- [Dataset extract]
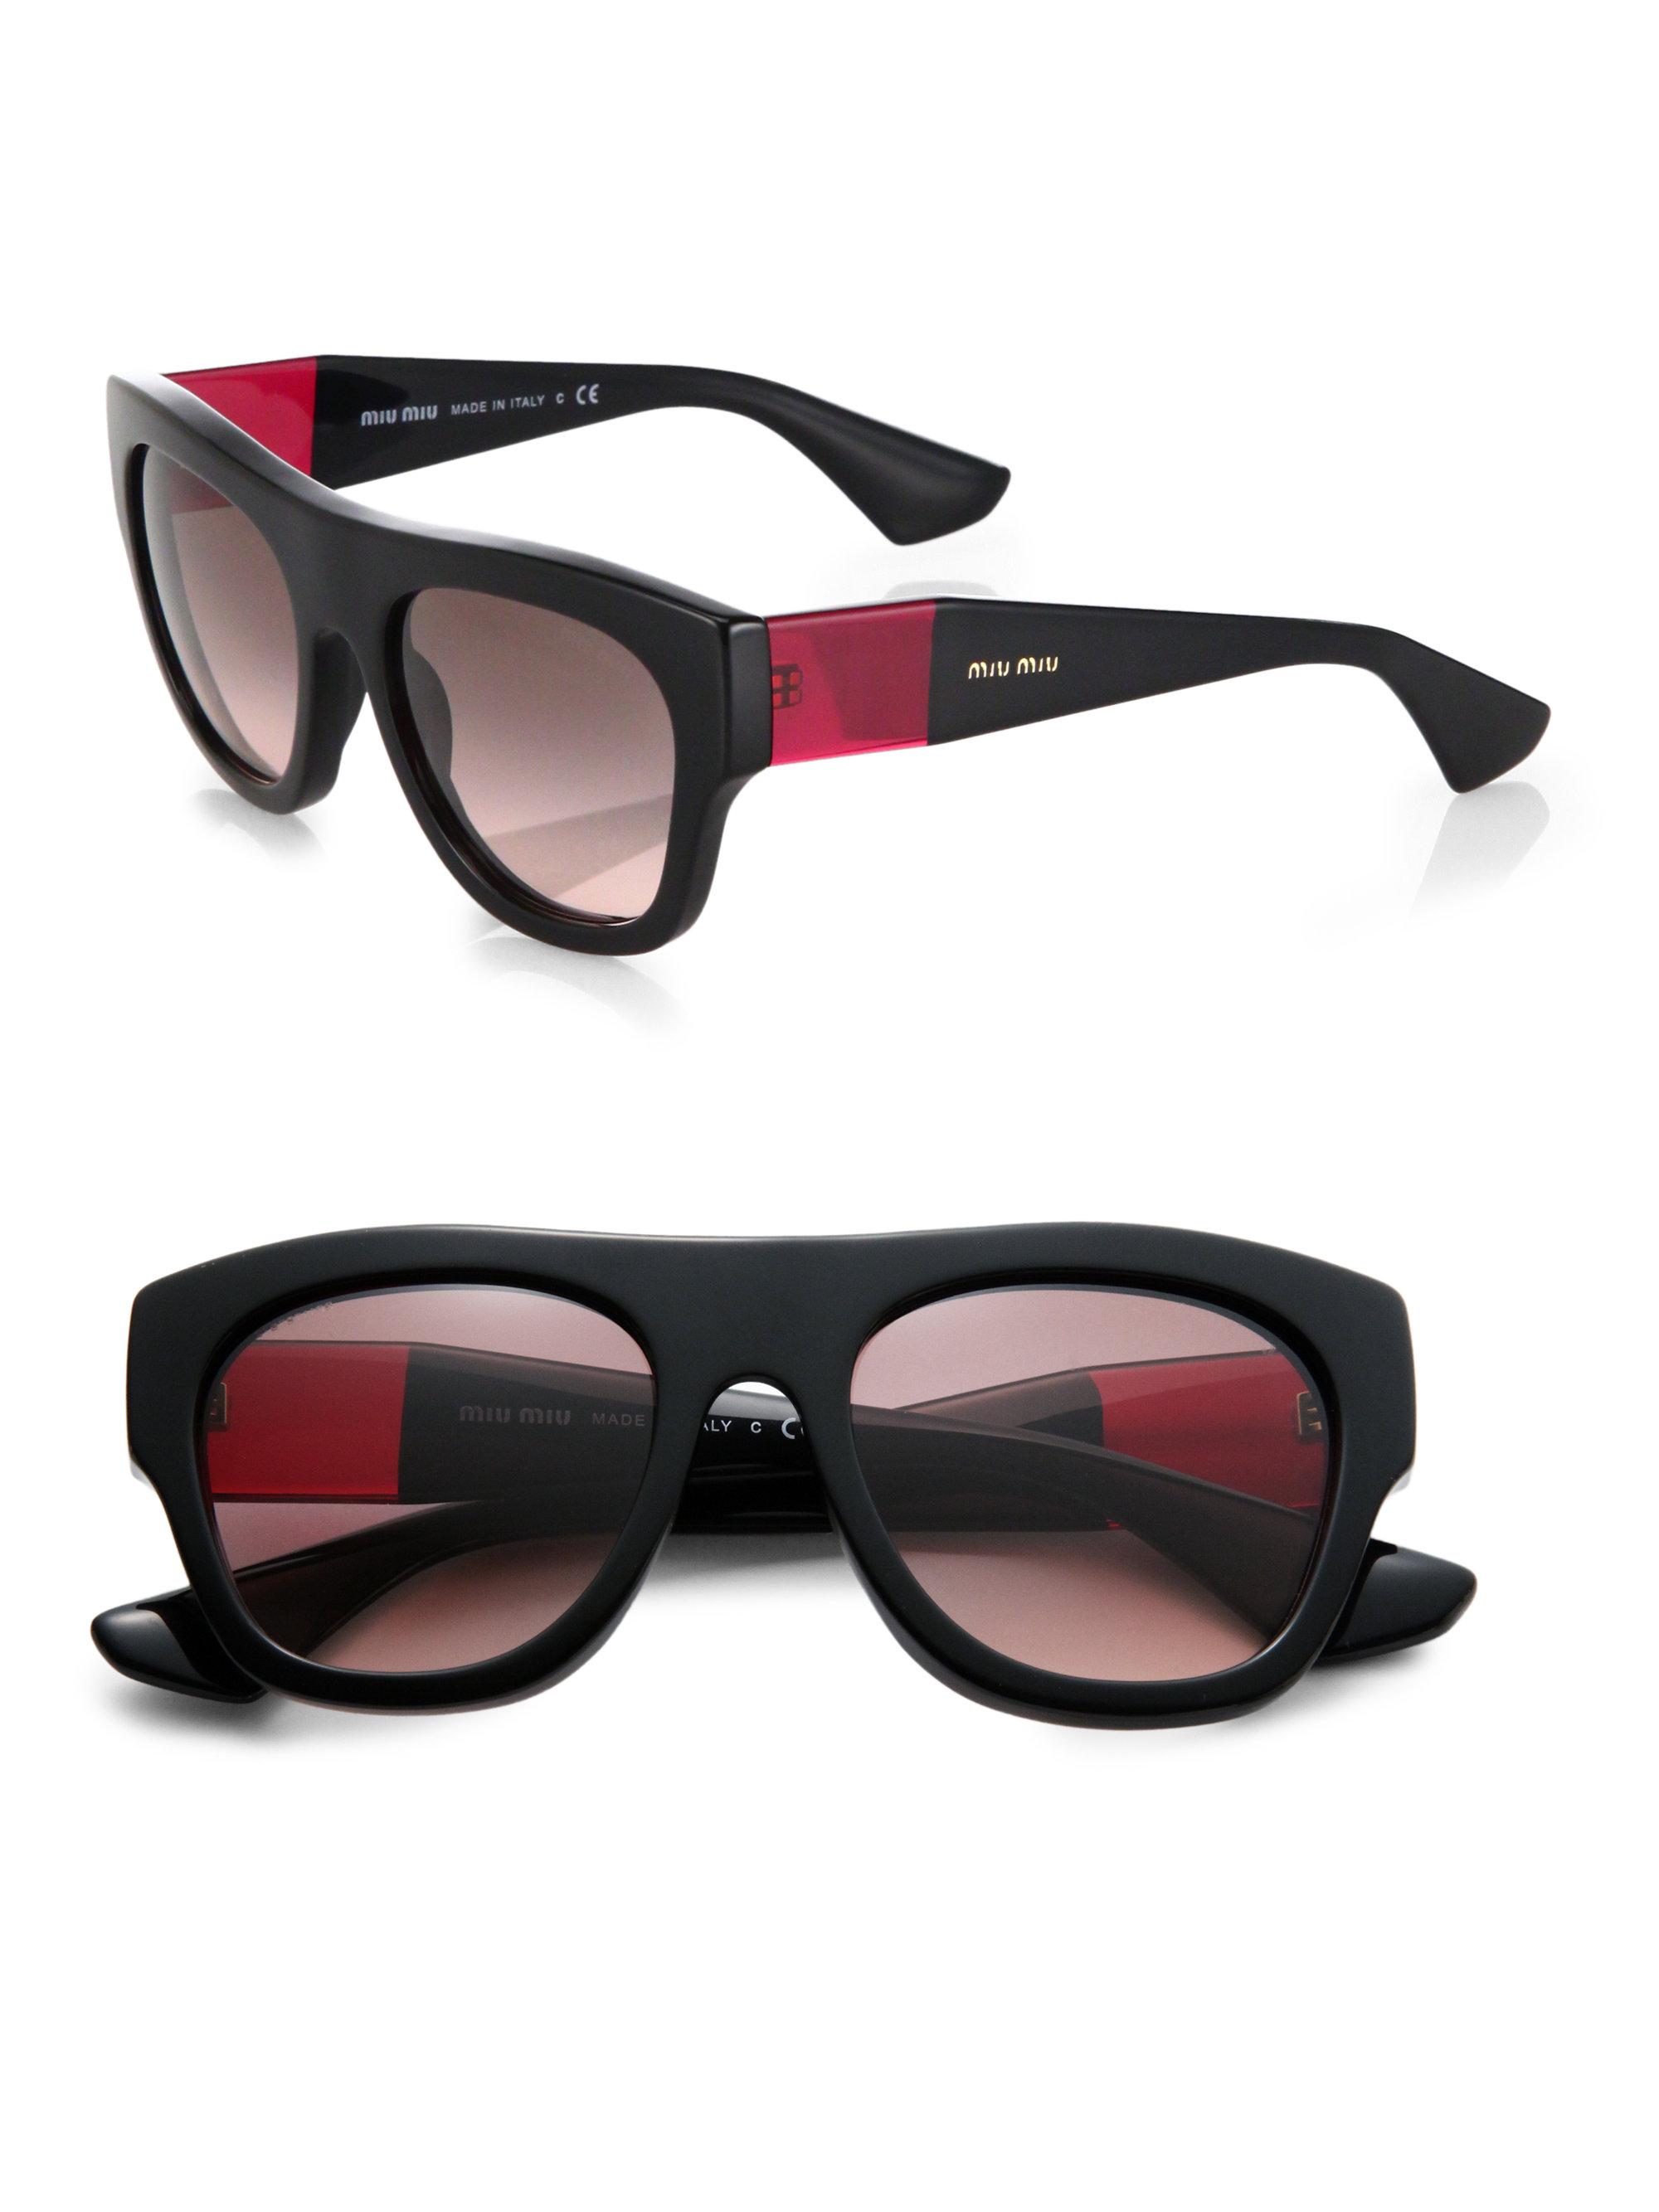 7e4f9f5928 Miu Miu Sunglasses Saks Fifth Avenue
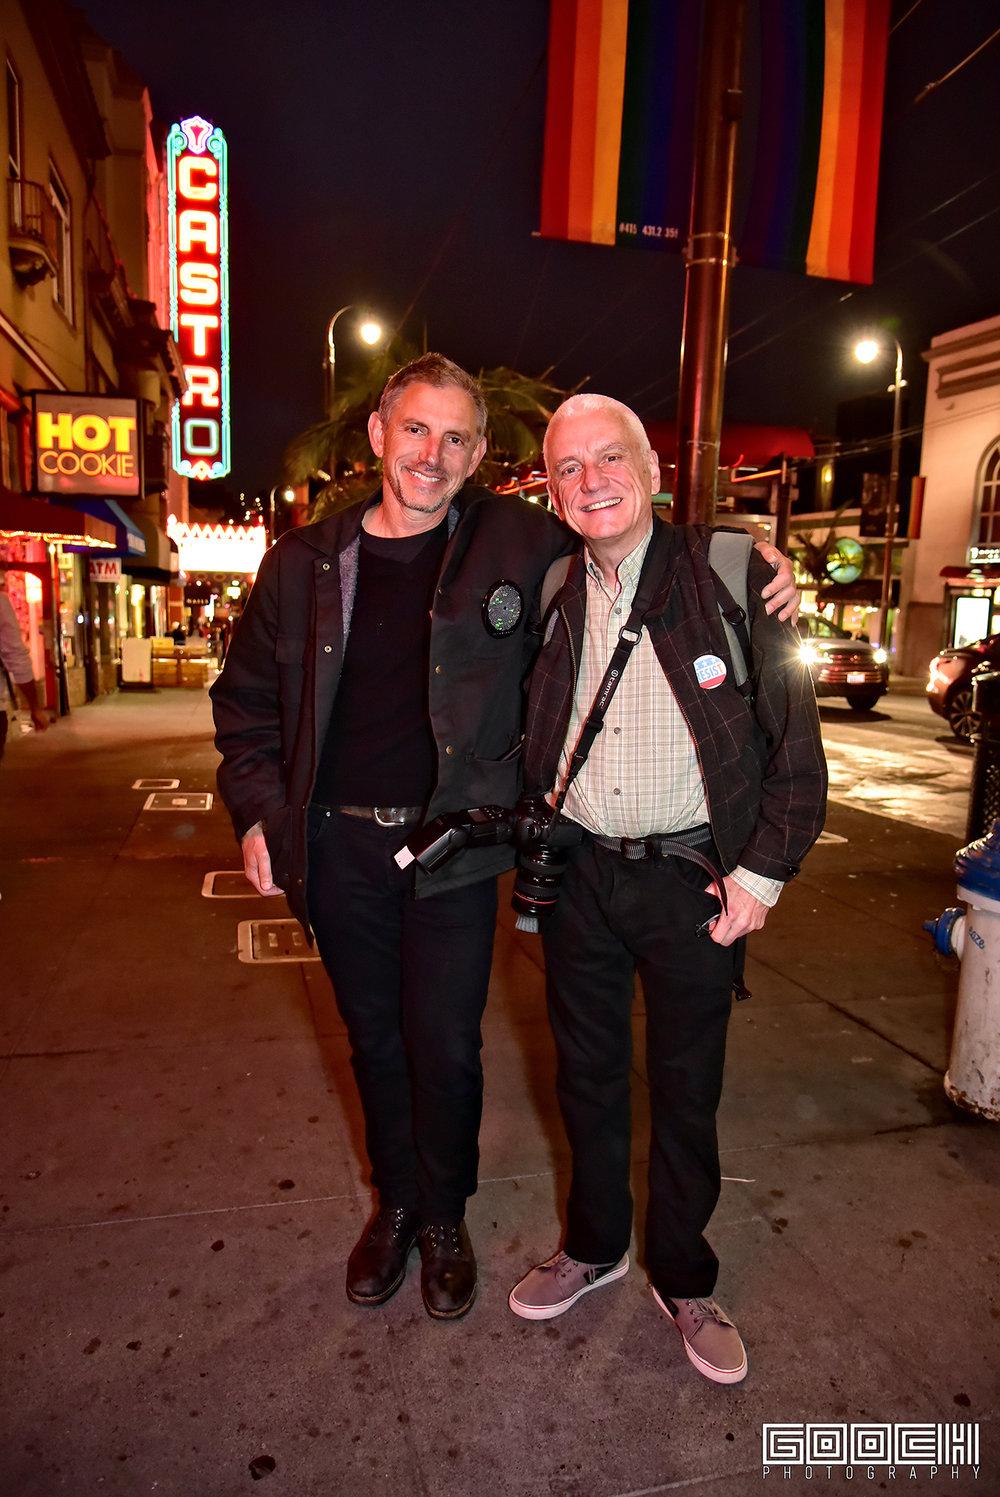 Gooch_Danny&Ben.jpg
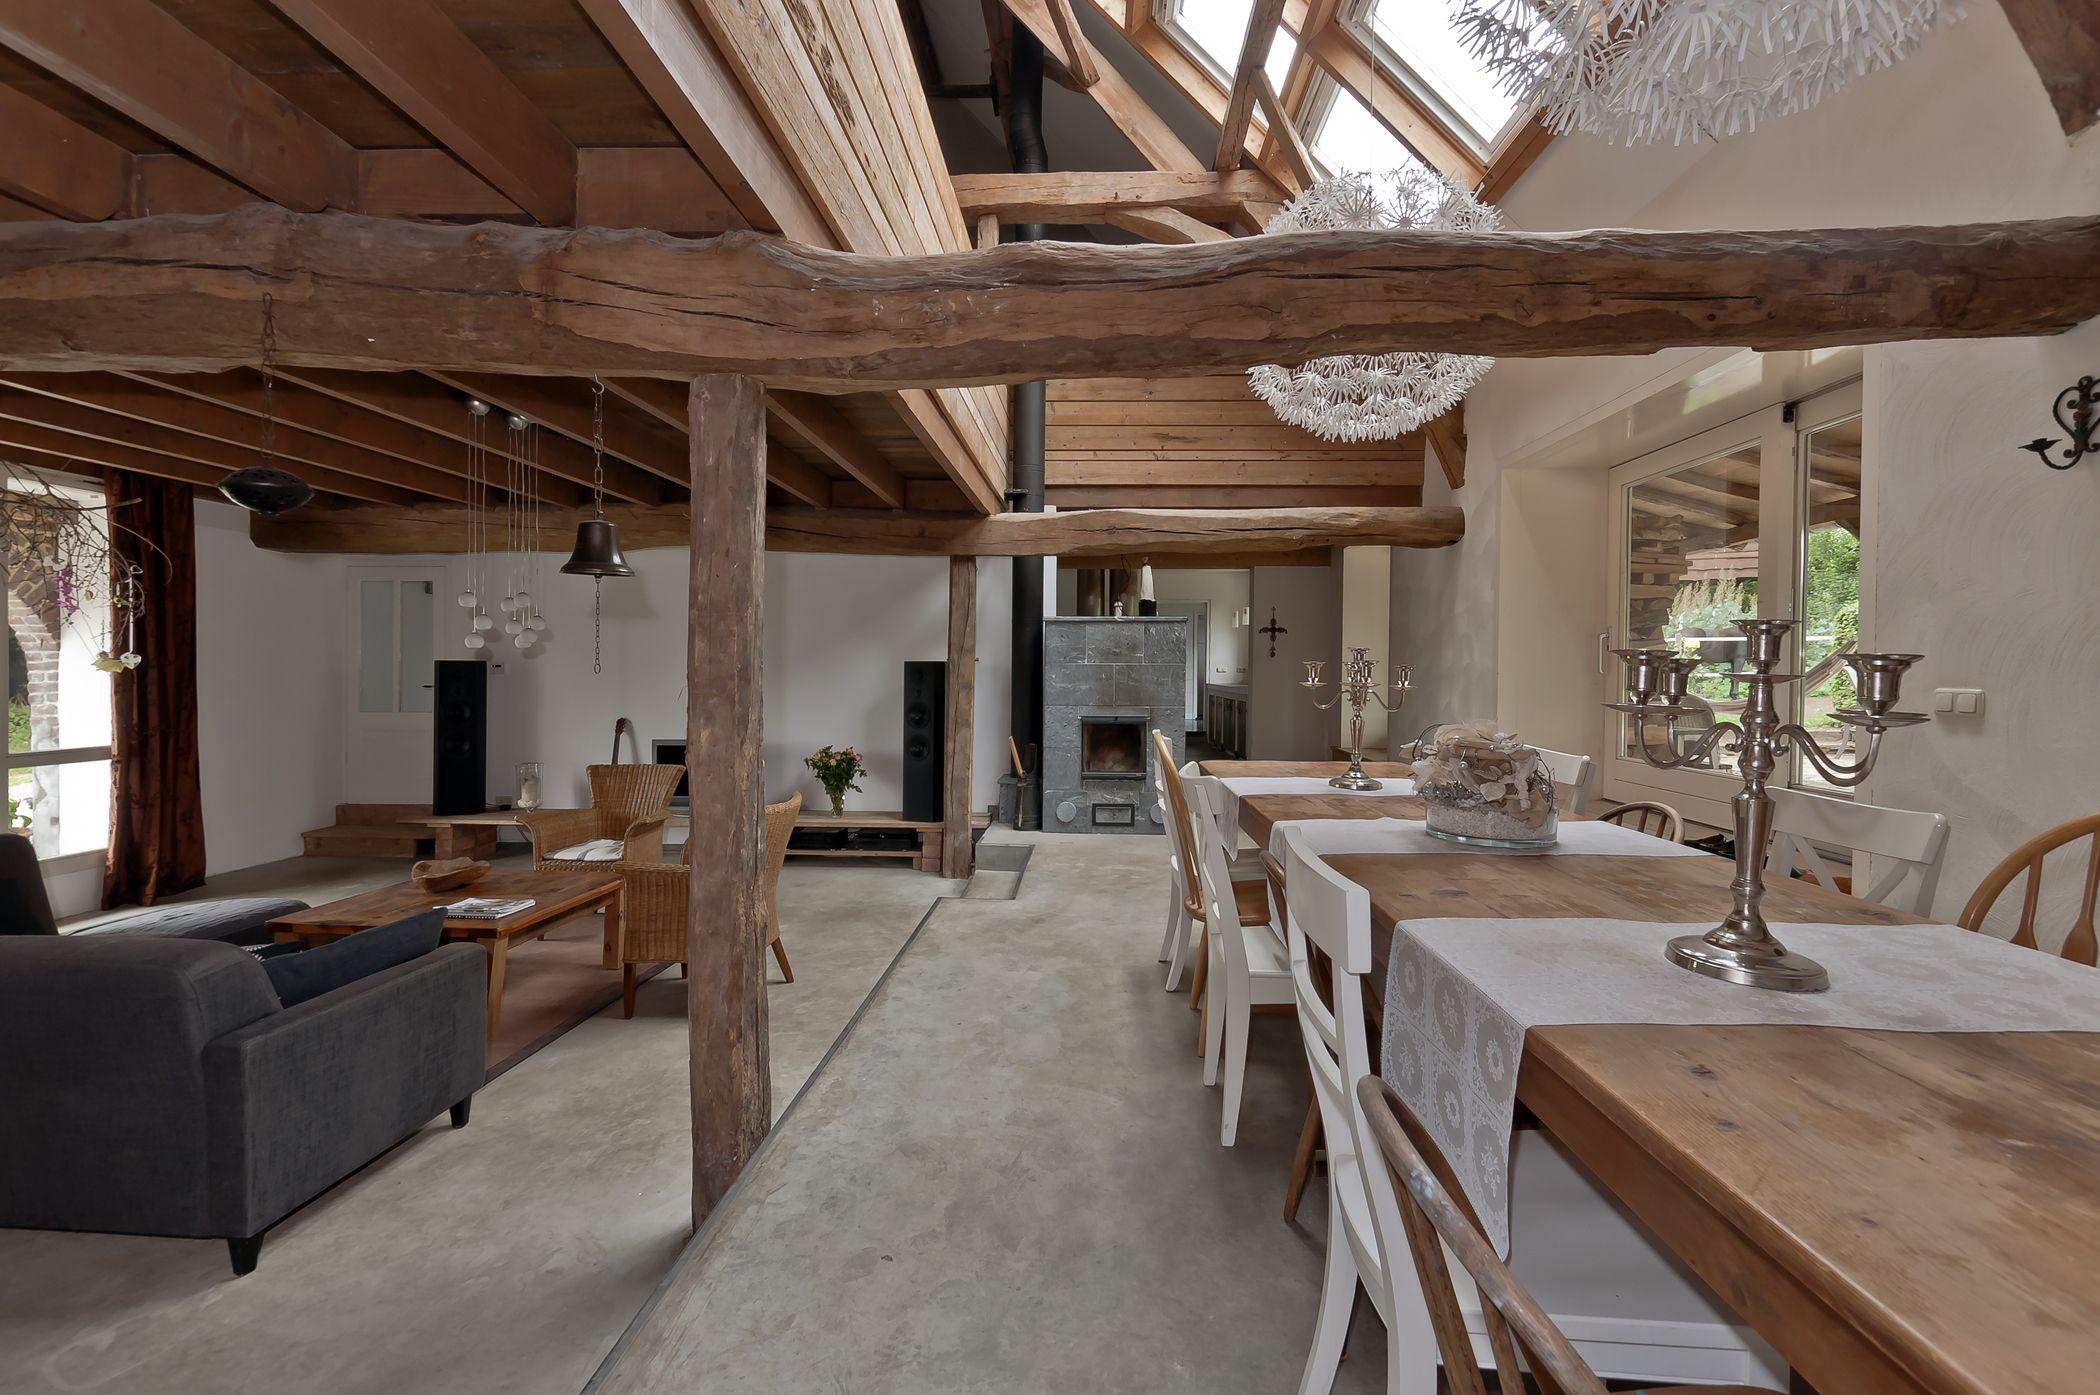 Kijkje vanuit de eethoek tafel van naar de keuken for Meerlo interieur

- [What to work on] Drop the pictures, then repeat the material word for word.

- [Completed exercise]
 7e4f9f5928 Miu Miu Sunglasses Saks Fifth Avenue
 Gooch_Danny&Ben.jpg
 Kijkje vanuit de eethoek tafel van naar de keuken for Meerlo interieur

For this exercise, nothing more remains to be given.